Canonical Construction

A natural question now arises to the suspicious reader about the existence of a probability space on which the random quantities discussed above are from. More precisely:

Given a Markov decision model \((\mathsf S, \mathsf A, \alpha, \kappa, r)\), a policy \(\pi \in \Pi,\) and a probability measure \(\nu\) on \(\mathsf S\), does there exist a probability space \((\Omega, \mathscr{F}, \mathbb{P}_{\nu}^{\pi}),\) and two stochastic processes \(\{X_n\}_{n \ge 0}\) and \(\{A_n\}_{n \ge 0}\) on this probability space, with the random variable \(X_n\) taking values in \(\mathsf S\) and the random variable \(A_n\) taking values in \(\mathsf A\) for each \(n \ge 0\), such that the following three properties hold true?

  1. The law of \(X_0\) equals \(\nu\), i.e.,

    \[\begin{aligned} \mathbb{P}_\nu^\pi\{X_0 \in B\} = \nu(B), \quad B \in \mathscr S.\end{aligned}\]
  2. If \(H_n = (X_0, A_0, \ldots, X_{n-1}, A_{n-1}, X_n) \colon \Omega \to \mathsf{H}_n\) denotes the history random variable, the joint distribution of \((H_n,A_n)\) is given by \((\mathbb{P}_\nu^\pi \circ H_n^{-1}) \otimes \pi_n.\) More intuitively, by Theorem 4, this means that the stochastic kernel \(\overline{\pi}_n\) from \((\Omega, \sigma(H_n))\) to \((\mathsf{A}, \mathscr A)\) defined by \[\begin{aligned} \overline\pi_n(\omega, C) = \pi_n(H_n(\omega), C), \quad \omega \in \Omega,\, C \in\mathscr A,\end{aligned}\] is a version of the conditional distribution of \(A_n\) given \(H_n.\)
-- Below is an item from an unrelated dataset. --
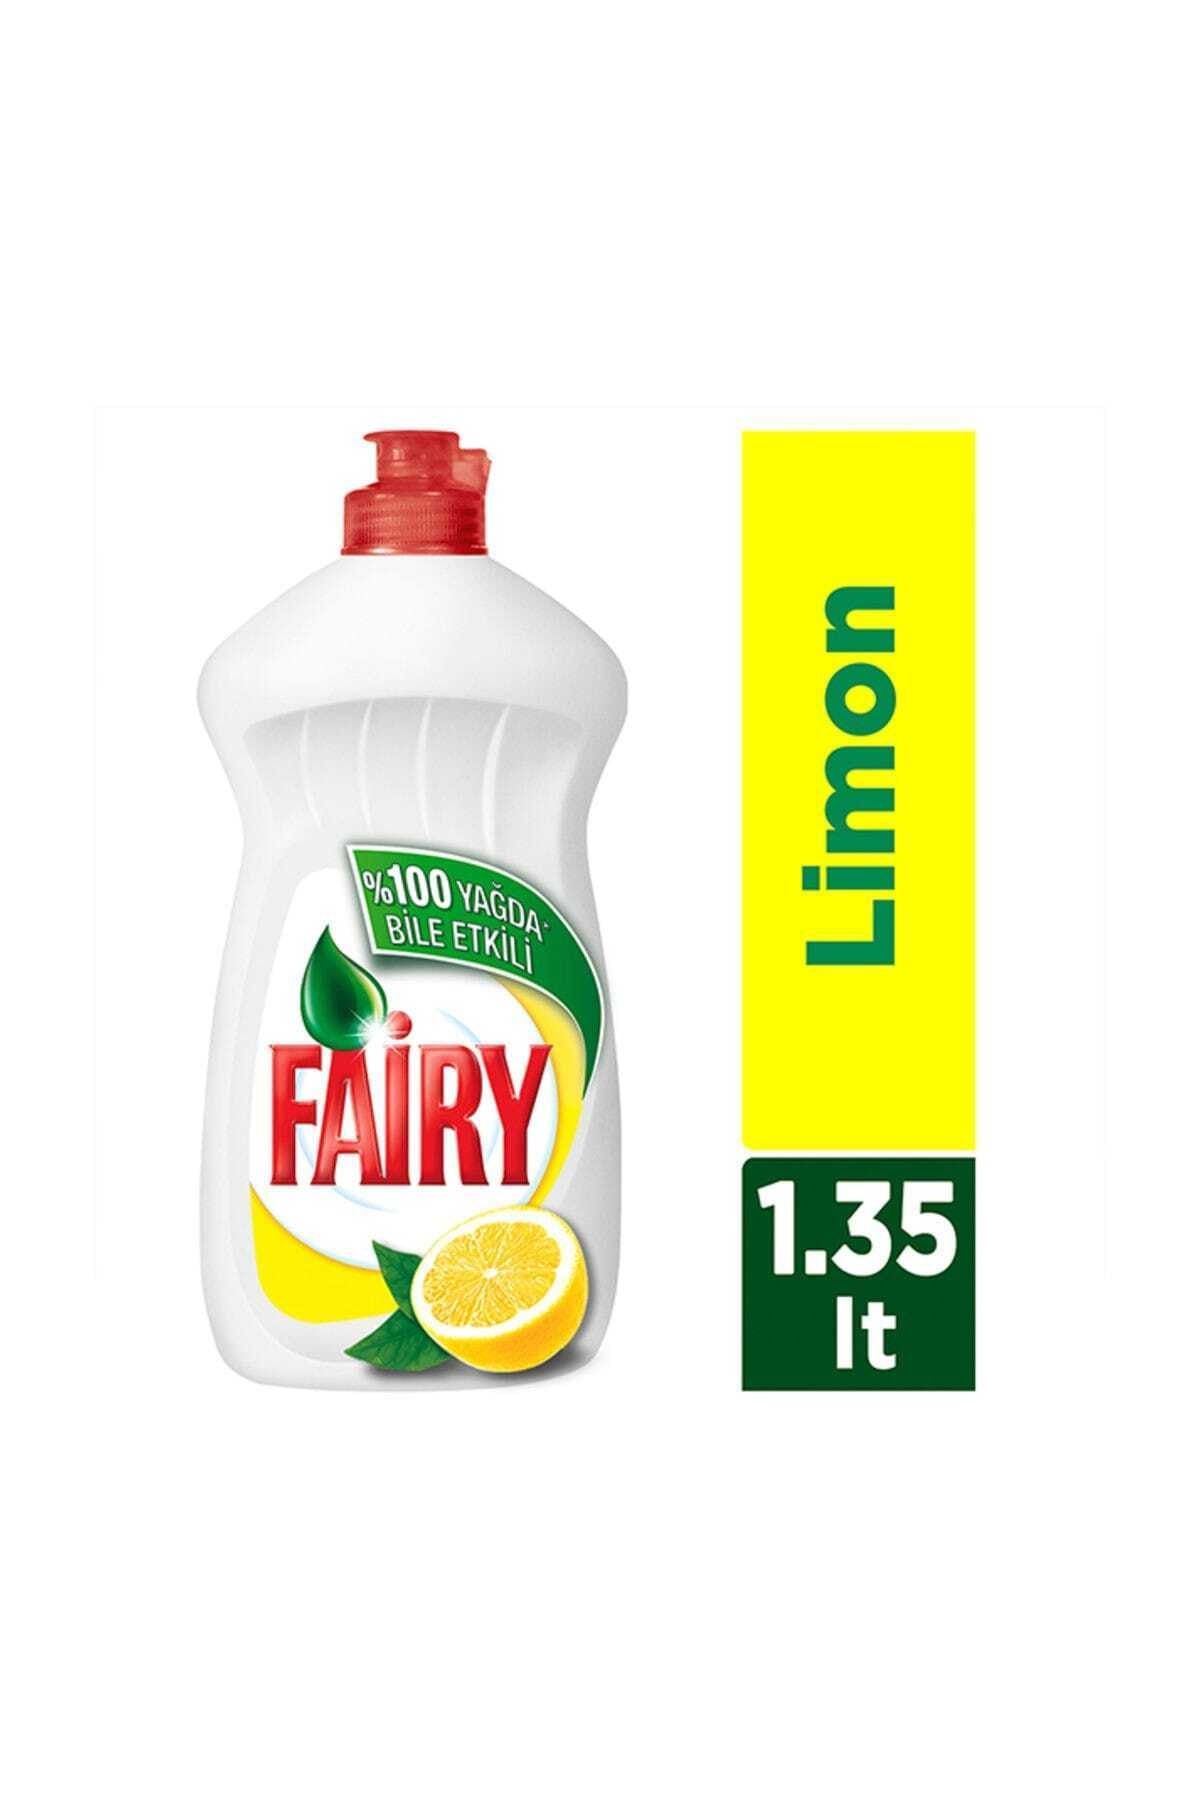 Fairy Sıvı Bulaşık Deterjanı ltimon 1350 ml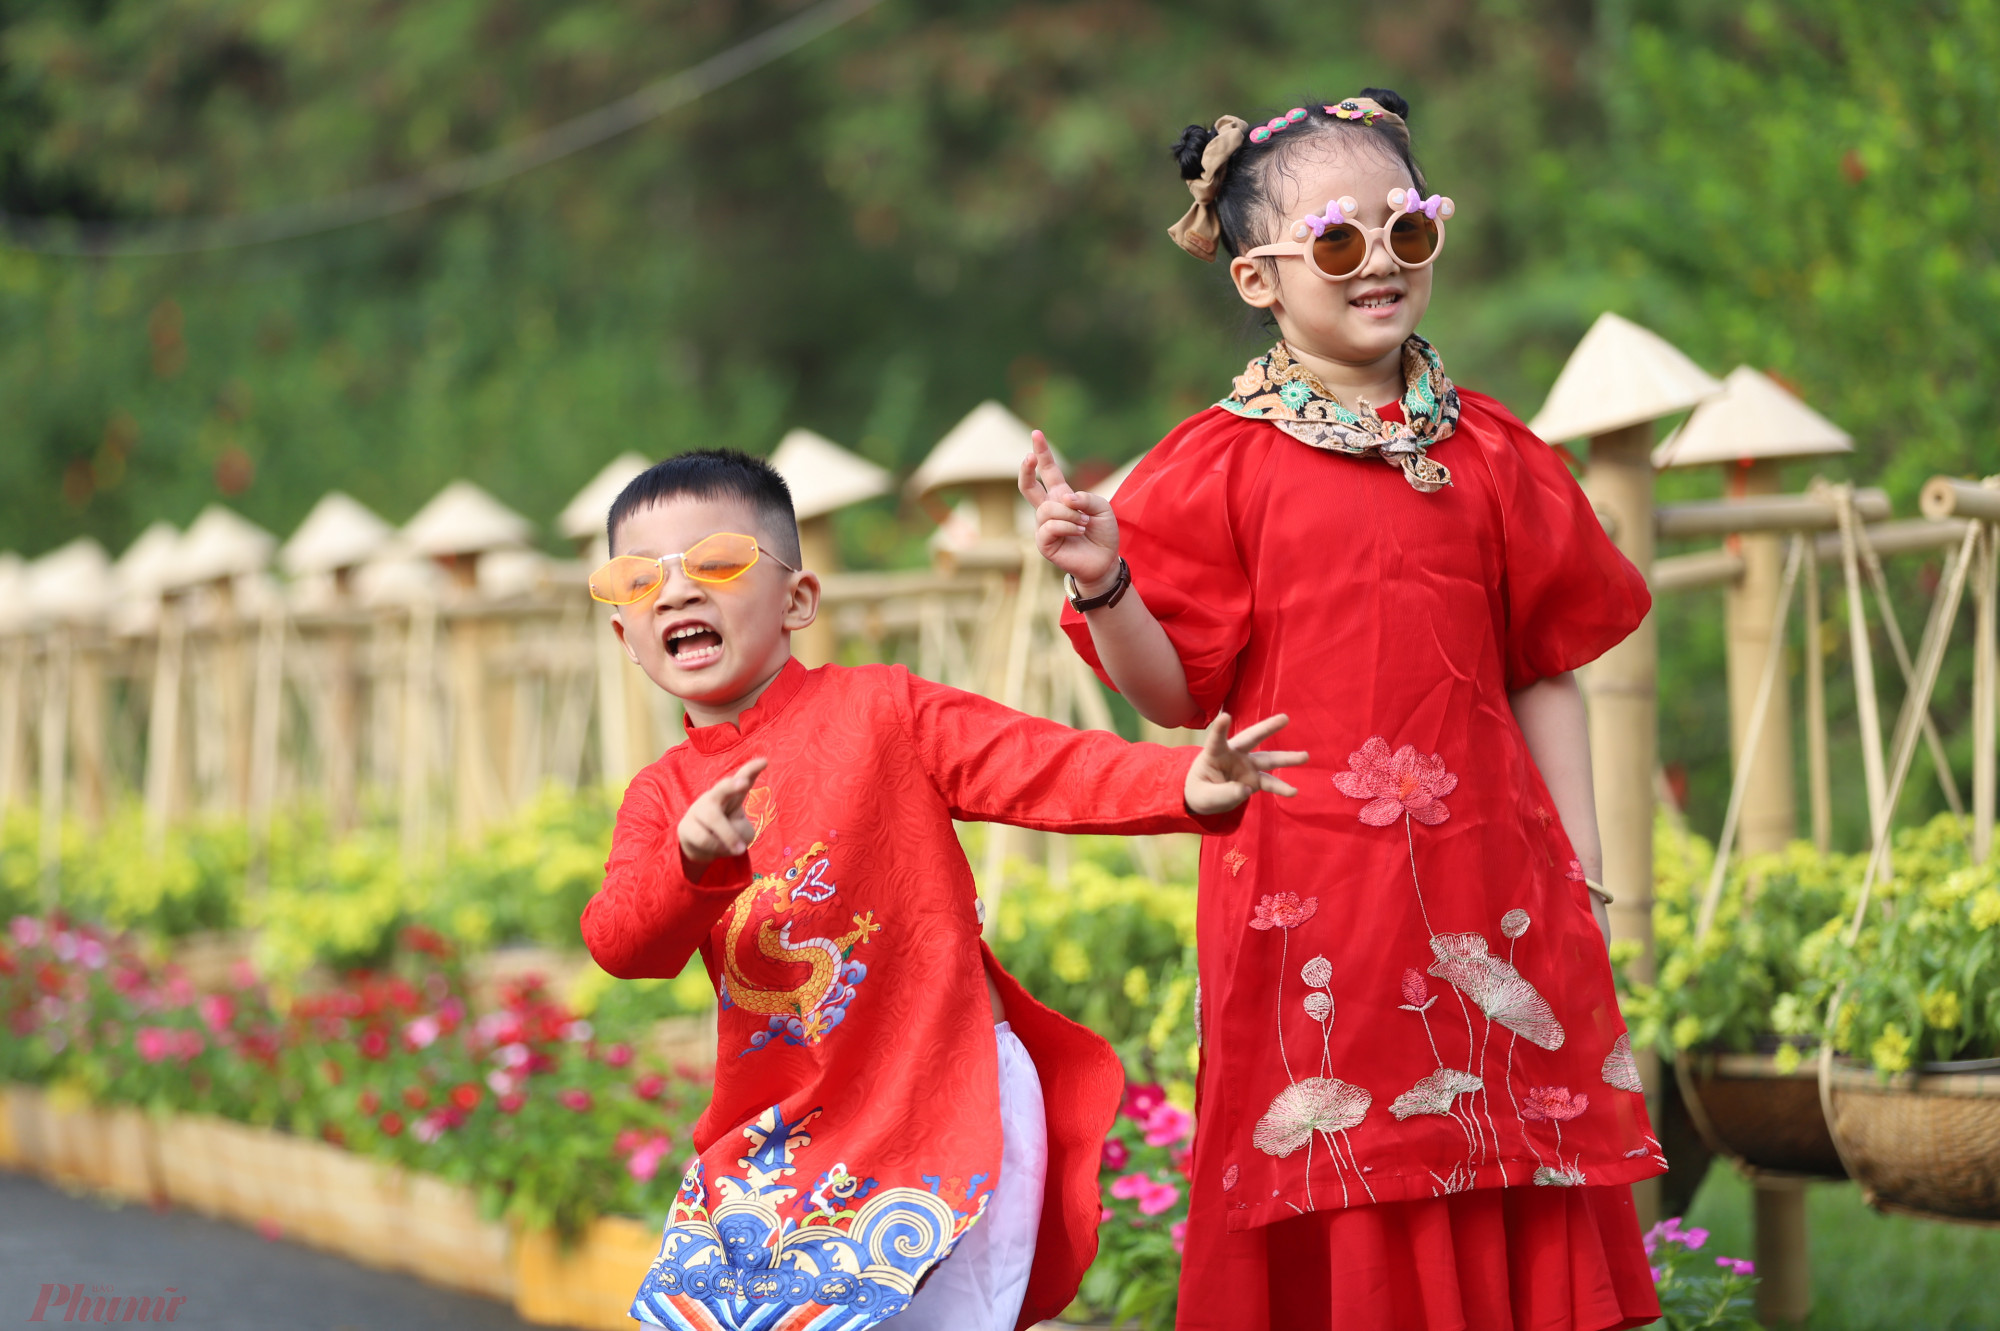 Năm nay, công viên Văn hóa Gò Vấp cũng là địa điểm thu hút nhiều người tìm đến vì được trang trí cây hoa, tiểu cảnh khá đẹp.

  3. The joint distribution of \((H_n, A_n, X_{n+1})\) is given by \((\mathbb{P}^\pi_\nu \circ (H_n, A_n)^{-1}) \otimes \kappa.\) More intuitively, by Theorem 4, this means that the stochastic kernel \(\overline\kappa_n\) from \((\Omega, \sigma(H_{n}, A_n))\) to \((\mathsf S, \mathscr S)\) defined by \[\begin{aligned} \overline\kappa_n(\omega, B) = \kappa((X_n(\omega), A_n(\omega)), B), \quad \omega \in \Omega,\, B \in \mathscr S,\end{aligned}\] is a version of the conditional distribution of \(X_{n+1}\) given \((H_n, A_n).\)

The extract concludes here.